Yegor's point is that this uncertainty regarding team placement is a strategic
disadvantage.

Despite what you might think, Object Oriented Design isn't going away anytime
soon. There is no need for Facebook or Google to prematurely optimize away the
risk of an obsolete engineer at the expense of rejecting domain experts for an
important project.

------
volkk
Personally, my biggest issue with interviewing at large companies like these
by people whom you aren't necessarily going to be working with, is that not
everyone is in a position to interview people. I personally hate interviewing
other people and having to be responsible for their futures. I was never
trained for it, and I don't want to ever deal with it.

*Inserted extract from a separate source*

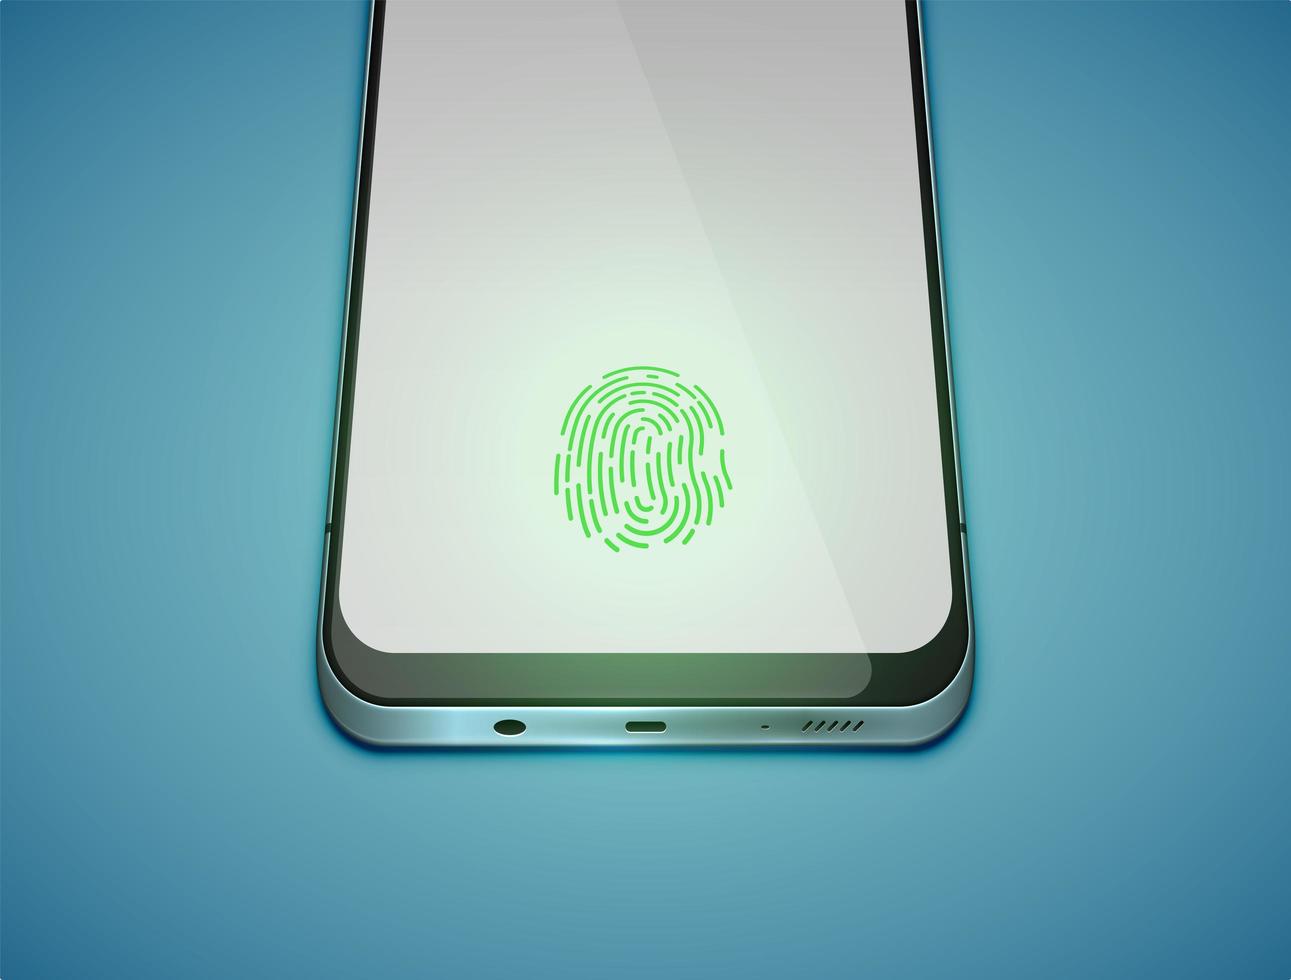 Realistic smartpgone with green fingerprint sensor on display, vector illustration

I just want to code and
make sure the product I'm working on is coming along smoothly.

I've had countless interviews where I could immediately tell upon entering the
room that the interviewer does not want to be there at all. It's a lose lose
situation. For me, because I get demoralized instantly, and he's already got a
chip on his shoulder for having had to do this in the first place. Everything
I say going forward from that point on is an uphill battle.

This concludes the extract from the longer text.